I wrote my bachelor's thesis on how to find aliens. I got stories.

 

Most of it was sighing at vague data, looking at possible models, swearing at 'goldilocks zone' oversimplifications (Earth is NOT in the Sun's 'goldilocks zone by temperature! Venus is!), and realizing most people are really unimaginative when it comes to what might support life.

 

So so are you applying for that NASA job? :lol: 

 

I am not applying for the NASA job. Not sure I would right now, I have a cousin working for NASA who's under a gag order because of politics. 

 

23 minutes ago, Thes Hunter said:

 

5 hours ago, NebulousMissy said:

 

The problem is oxygen gives a big fat signal with even tiny amounts.
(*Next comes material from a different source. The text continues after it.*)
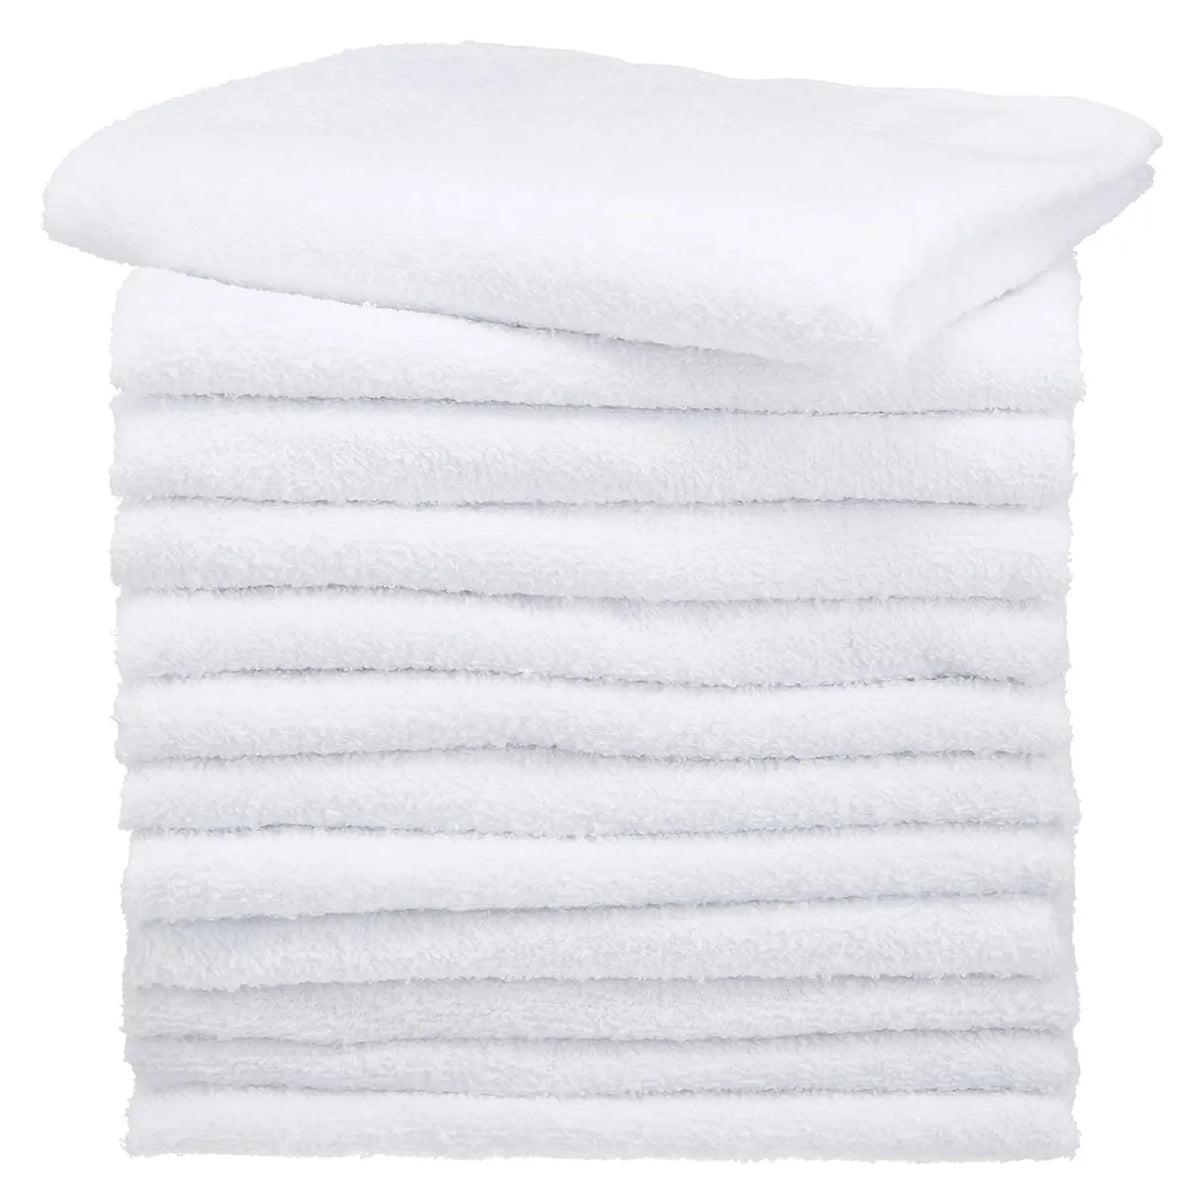 SATO TRADING Cotton Loop Pile Towel 340x860mm 12 pcs

With our current and upcoming technology it won't matter if the sample has 20%, 2%, or 200 molecules, it'll look like the same curve. It's essentially a Y/N question rather than a refined 'so how much?' question.

 

 

I perfer my FIO2 at 21%. But it makes me wonder what the Partida pressure of oxygen is at sea level at 20%, and what difference in altitude would we be potentionally subject to high altitude sickness. Would an atmosphere at 20% drastically reduce our habitable zone?

 

We have 21% oxygen. People routinely survive on half that, they tend to be climbing mountains ::P: I mean, mammals evolved diaphragms to deal with a low-oxygen mass extinction, Earth's O2 has had some pretty major dips in the past.

 

The human body needs one third of an atmosphere of pressure on its skin to keep its insides inside. Other than that we're pretty versatile. I've heard humans described as 'space orcs' due to our physical adaptability.

 

29 minutes ago, Thes Hunter said:

 

4 hours ago, NebulousMissy said:

From what I heard of the story, there was no water left in the pool afterwards. This might have been hyperbole.

 

I don't know if Prankster Who Severely Underestimated Size Of Boom ever got caught. I do know they, ah, did not complete their intended program, instead earning a Masters in Biochemistry as a consolation prize.

 

So you dont don't know if he was caught.... but you know he did not get his intended degree. Was this because it was suspected but not formerly charged? 

 

The consolation prize was because a kid happened. As far as I know they would have gone completely unknown had they not bragged to the AP Chemistry class they were teaching. I think it was supposed to be a cautionary tale? Still came out as bragging.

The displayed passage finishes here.